To which one of my students pointed out that it does not seem to hold in the undirected graph that I used to explain that Dijkstra's algorithm needs weights to be nonnegative :
B
(-7) / \ (8)
/ \
A C
\ /
(3) \ / (2)
D
Indeed, a shortest path from C to A is C -> B -> A with total weight 1, but path C -> B with weight 8 is not a shortest path : C -> D -> A -> B with weight -2 is better.
In the short term I could continue by restricting my lemma to nonnegative weights. Cormen et al. give that lemma for arbitrary weights but for directed graphs only, and this holds.
I feel my counter-example is an… edge(!) case about the notion, wrt undirected graphs, of paths, cycles and the prohibition of negatively weighted cycles for shortest-path problems. The example does not have a negative-weight cycle for any reasonable notion of a cycle, but to create the same contradiction to the lemma in a directed graph, we would need an edge A -> B and an edge B -> A both with weight -7, which would give a cycle of weight -14.
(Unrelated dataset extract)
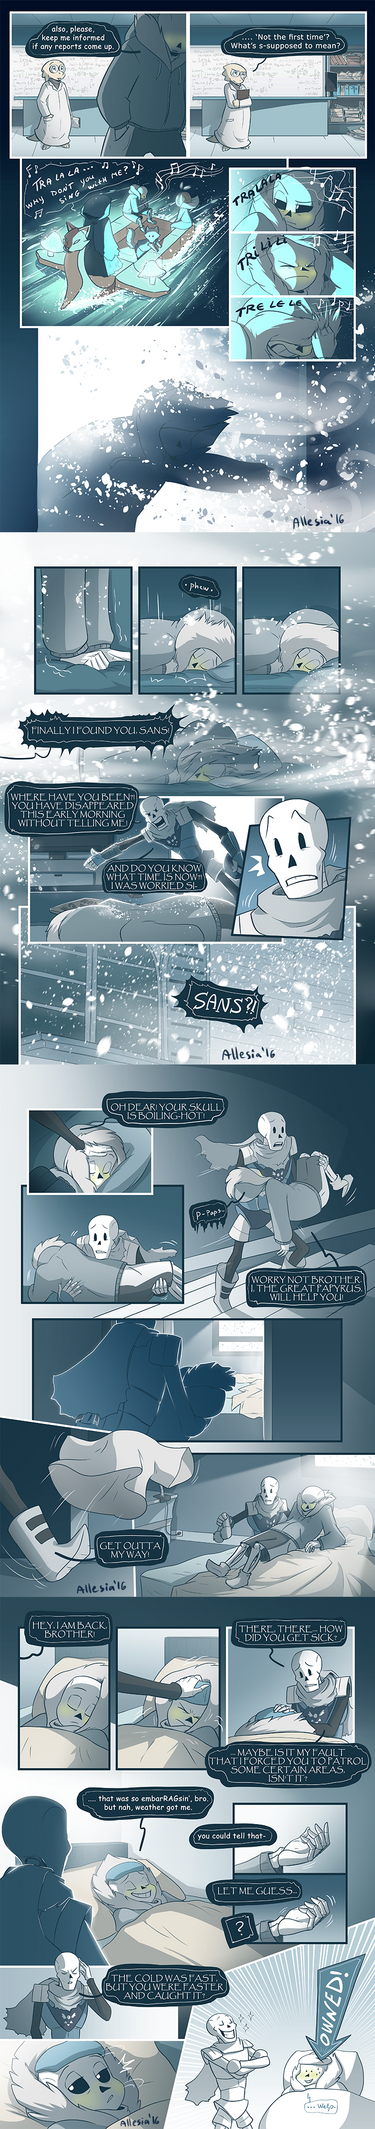 Timetale - Chapter 02 - Part I - Page 16-19

Does anybody have a satisfactory version of the lemma that would work in both directed and undirected graphs, for arbitrary weights ? ie., are there versions of the notions of path, shortest path and so on, were a version of the lemma would hold ?
Especially in relation to proving eg. the validity of Floyd-Warshall's or Bellman-Ford's algorithms, which iirc also work with undirected graphs, provided they do not have a negative-weight cycle.